Retired veteran Robert Brady filed a complaint with the U.S. Department of Housing and Urban Development after a judicial arbitrator recently determined he had to surrender the dog by Jan. 11.
HUD will consider whether the case violates fair-housing laws by forcing the widower to surrender the animal despite a psychologist’s recommendation he keep the dog. Weight limits at the Conway-area condominium are 35 pounds; Bane weighs about 41 pounds and might be a banned breed.
"The real crux of our concerns are the HUD fair-housing issues and we’re hopeful it takes its course the way we want it to,” said Orlando attorney Jonathan Paul, who represents Brady. They also are likely to pursue the case in Orange County courts and Paul said he is working with a Gainesville law firm specializing in animal-access cases. Brady could not be reached for comment Wednesday.

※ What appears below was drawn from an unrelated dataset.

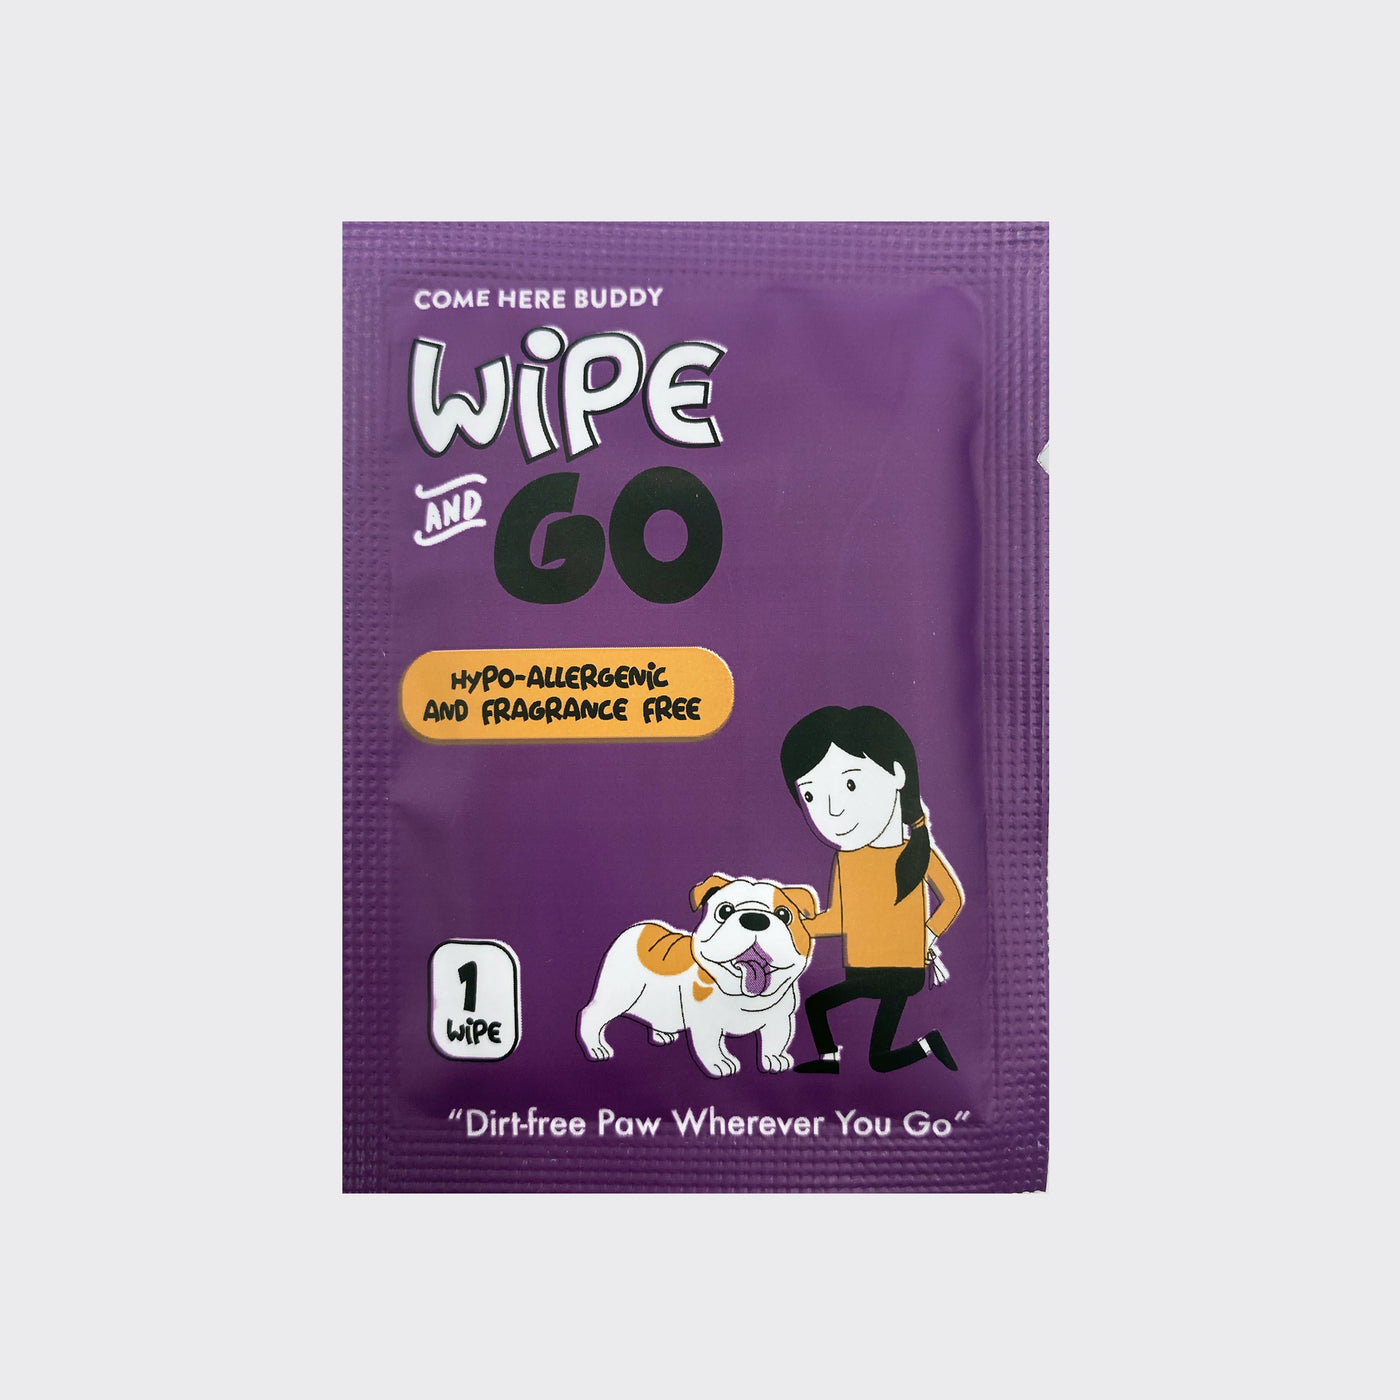 Dog Wipes

Peter McGrath, attorney for the Orange Tree Village condominium association, said his office has also gotten calls sympathetic to Brady keeping his dog but the community must enforce rules that were established to keep residents safe.
“If it’s not enforced and something happens, it’s a guarantee that the association will be named as a co-defendant in a case and have to contact the insurance company,” said the attorney, who specializes in association law. “They really don't have a choice.”

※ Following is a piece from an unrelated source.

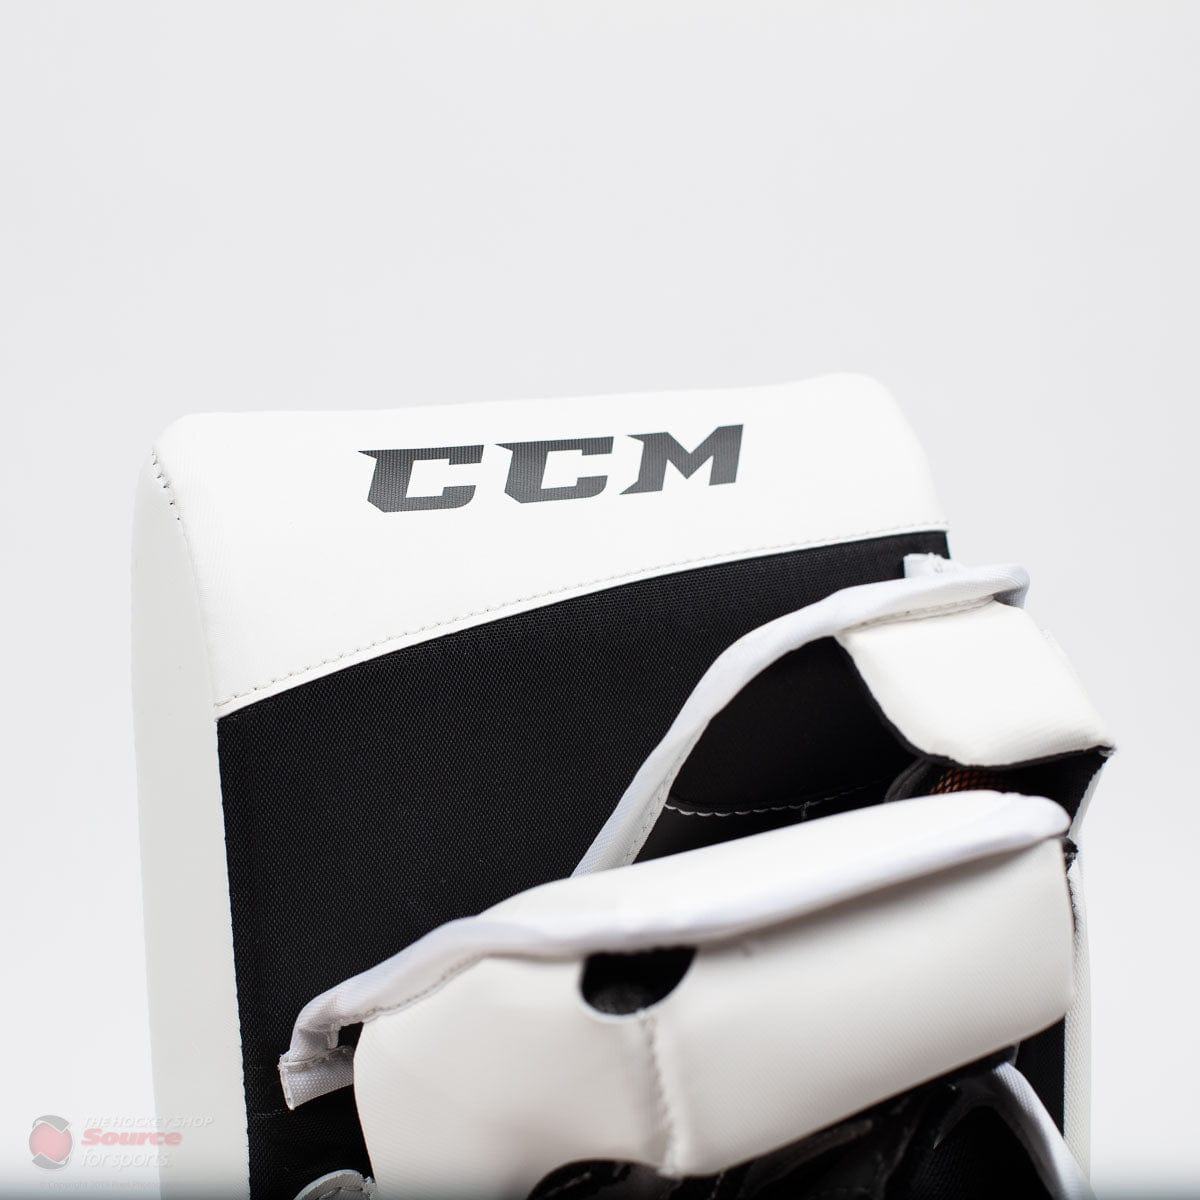 CCM Extreme Flex E4.5 Senior Goalie Blocker - Source Exclusive

McGrath said Brady had a year to complain to HUD and should have pursued legal channels long before now.
Efforts by Brady, 70, to keep the canine drew national attention after the Orlando Sentinel published a story Dec. 23. Dozens of readers from around the country called and emailed the newspaper. Many offered legal aid, alternative housing for Brady and training for the dog. Several groups specializing in training veterans’ dogs to become service dogs also offered assistance. Bane’s breeding hasn’t been documented and he could be a pit-bull mix.
“It’s so sad that just because the dog is a little bit overweight that they’re making it an issue,” said Lauren Driscoll, a Palm Coast program director for the nonprofit Paws of War, which trains dogs for vets. “I don’t know if they’re looking at it because it’s a bully breed. This is the only thing this man has left in the world and it’s not hurting anyone.”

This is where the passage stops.